- Golden Collection DVD cover
- Traditional Chinese: 咖喱辣椒
- Simplified Chinese: 咖喱辣椒
- Hanyu Pinyin: Gālí Làjiāo
- Jyutping: Gaa3 Lei1 Laat6 Ziu1
- Directed by: Blackie Ko
- Written by: James Yuen
- Produced by: Peter Chan
- Starring: Jacky Cheung Stephen Chow Ann Bridgewater Eric Tsang
- Cinematography: Andrew Lau
- Edited by: Chan Kei-hop
- Music by: Richard Lo
- Production company: Movie Impact
- Distributed by: Newport Entertainment
- Release date: 24 May 1990;
- Running time: 96 minutes
- Country: Hong Kong
- Language: Cantonese
- Box office: HK$15,777,856

= Curry and Pepper =

1990 Hong Kong film by Blackie Ko

Curry and Pepper is a 1990 Hong Kong action comedy film directed by Blackie Ko and starring Jacky Cheung and Stephen Chow. This film is Cheung and Chow's second film collaboration after the 1988 film, Faithfully Yours.

==Plot==
Curry and Pepper are two CID detectives who do not take their jobs seriously. When newspaper reporter Joey Law decides to film a documentary about daily police life, she chooses to film Curry and Pepper. As Curry and Pepper fight for Joey's affection, their friendship is seriously jeopardised.
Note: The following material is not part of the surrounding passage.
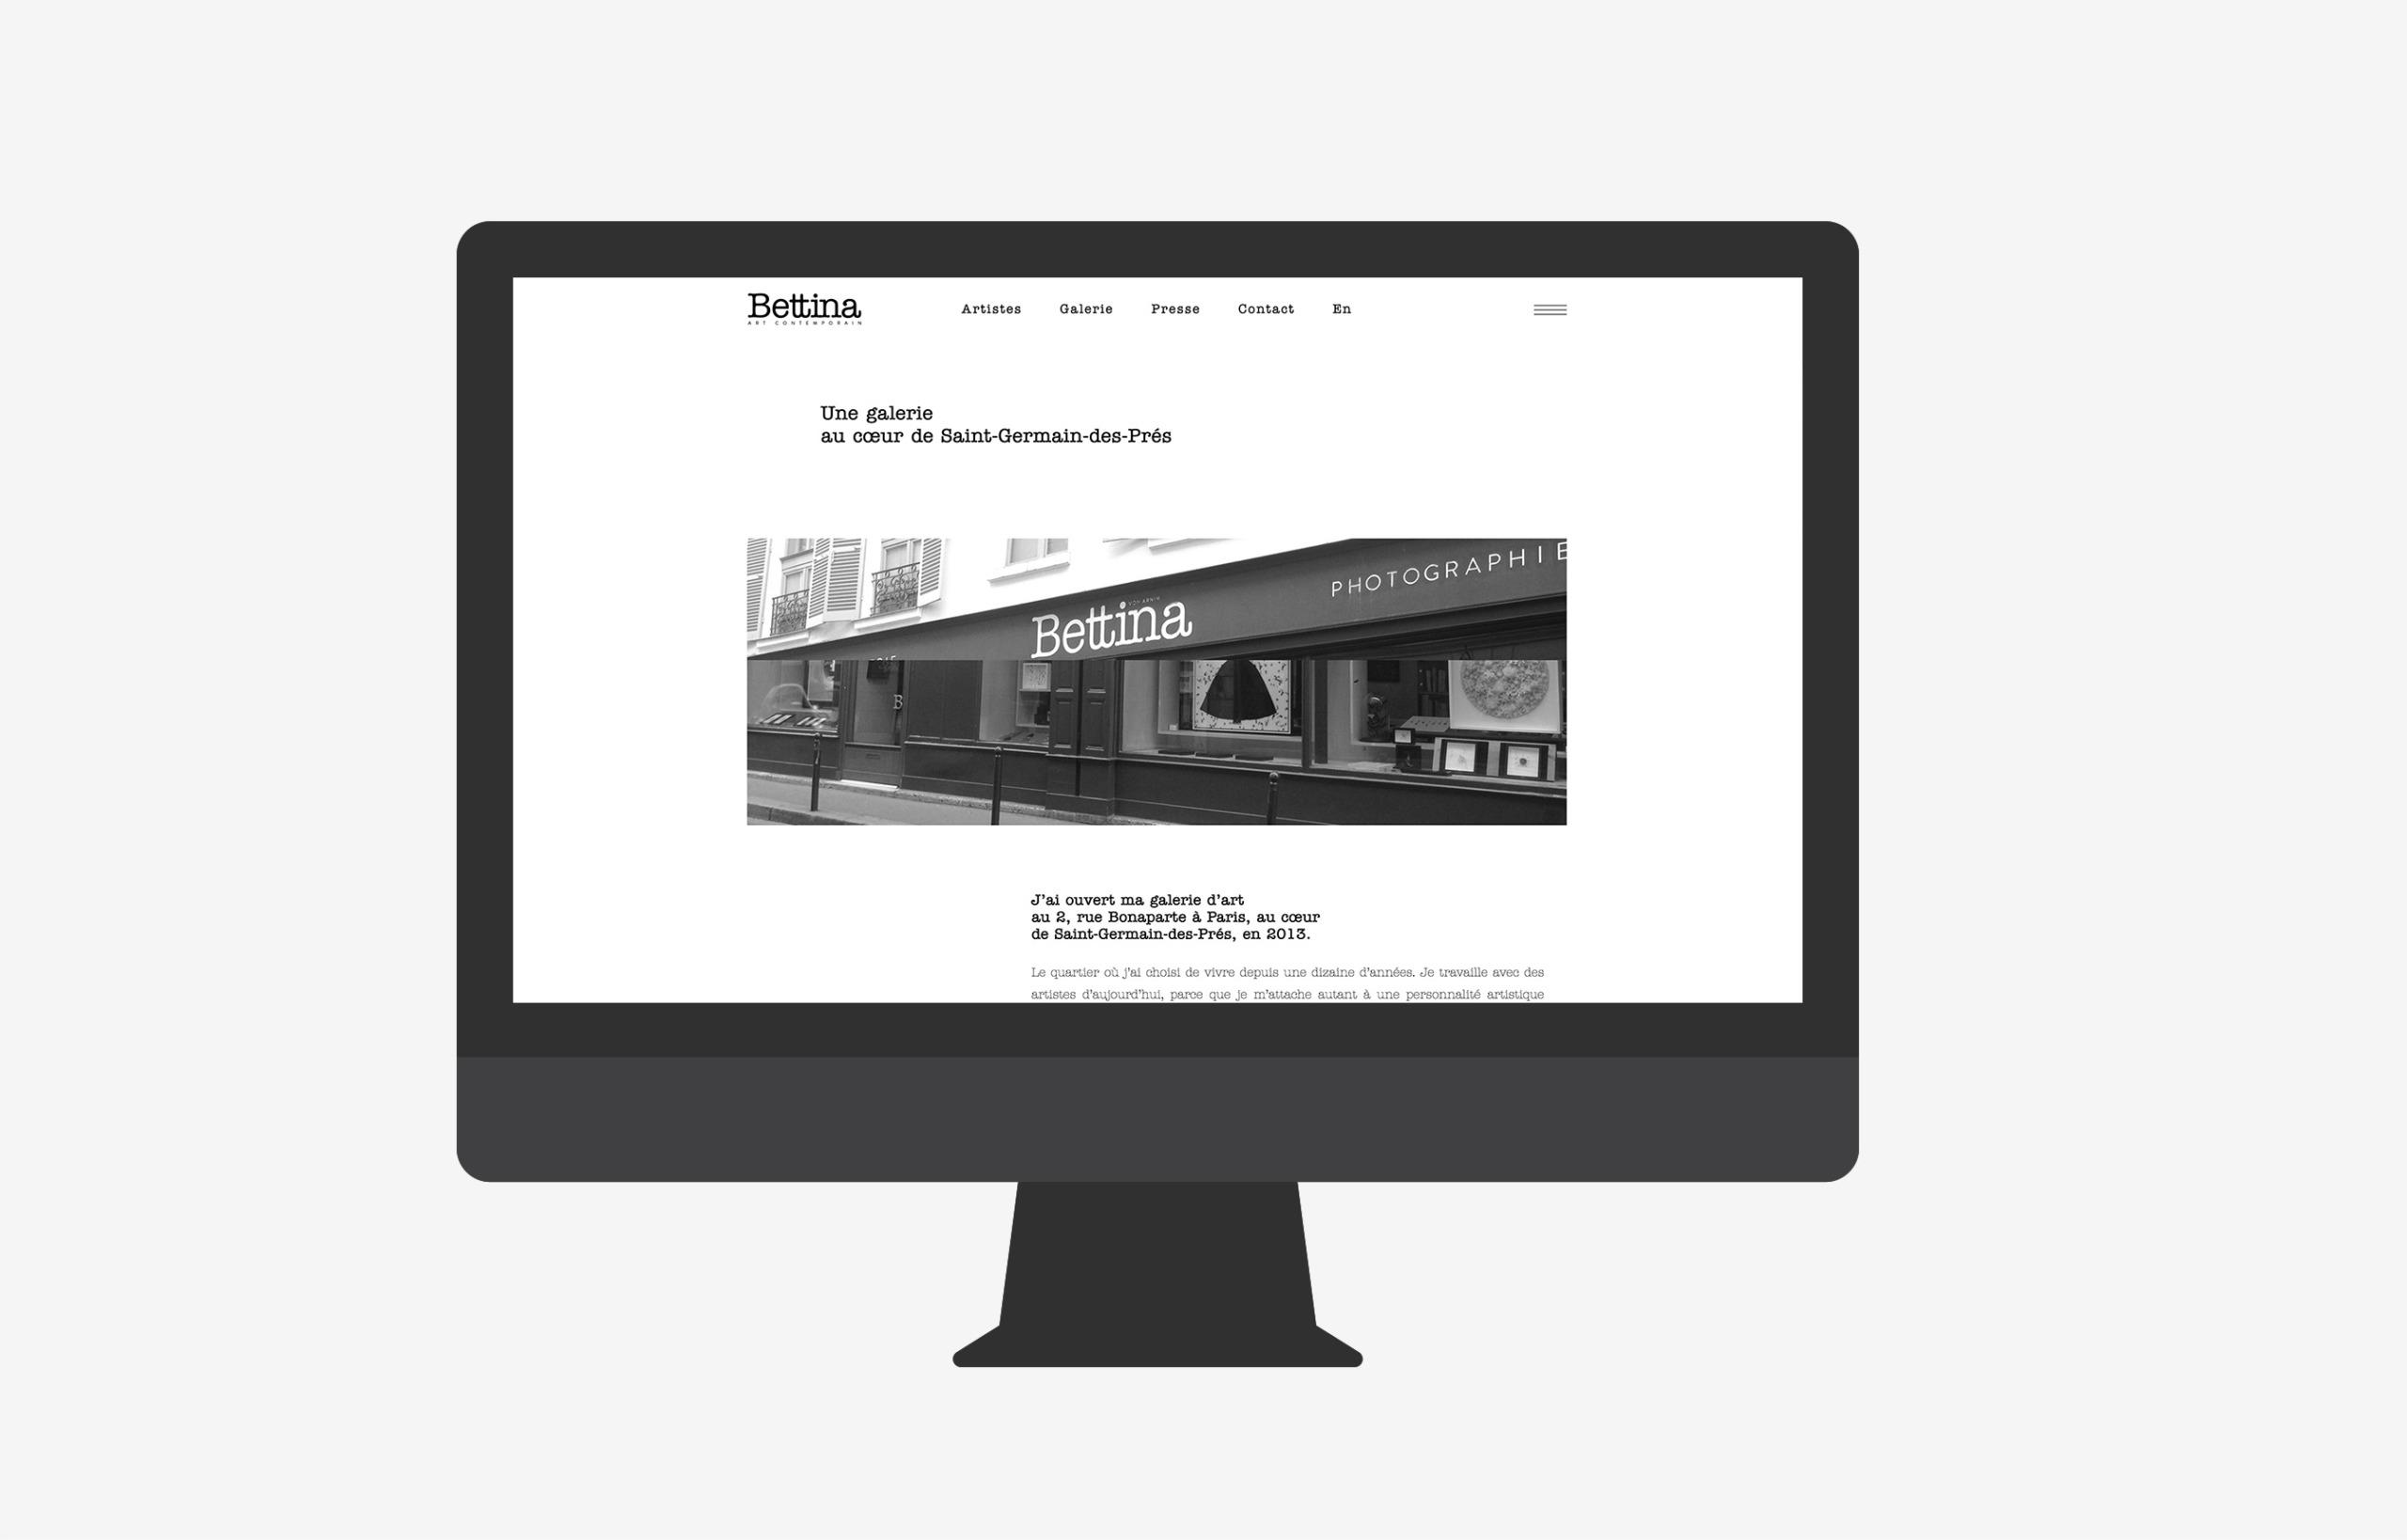 03-bettina-pikteo-webdesign-graphic-design-freelance-paris-bruxelles-londres

Eventually, the two reconcile and work together to take down a vicious hit man named Abalone. Later, they are dealing against North Korea Communists and kill them all for entering Hong Kong for with no permission.

==Cast==

| Name | Role |
|---|---|
| Jacky Cheung | as Curry (Wong Ka-lei) |
| Stephen Chow | as Pepper (Chiu Man-keung) |
| Blackie Ko | as Abalone |
| John Shum | as Chin Wontons |
| Barry Wong | as Chief Inspector Chow |
| Fruit Chan | as Kuo |
| Eric Tsang | as Ten |
| Ann Bridgewater [sv] | as Joey Law |
| Chow Mei-yan | as Anna |
| Michael Dinga | as Chief Inspector Ma |
| Billy Ching | as Dog |
| Fung Yuen-chi | as General |
| Lau Yuk-kei | as General's killer |
| Szeto Chi-keung | as General's killer |
| Garry Chan | as Druggy Ma Chen |
| Cheung Ying-wah | as Drug Addict Chuen |
| Yeung Wan-king | as Bearded burglar |

==Box office==
This film grossed HK$15,777,856 in its theatrical run in Hong Kong from 24 May to 29 June 1990.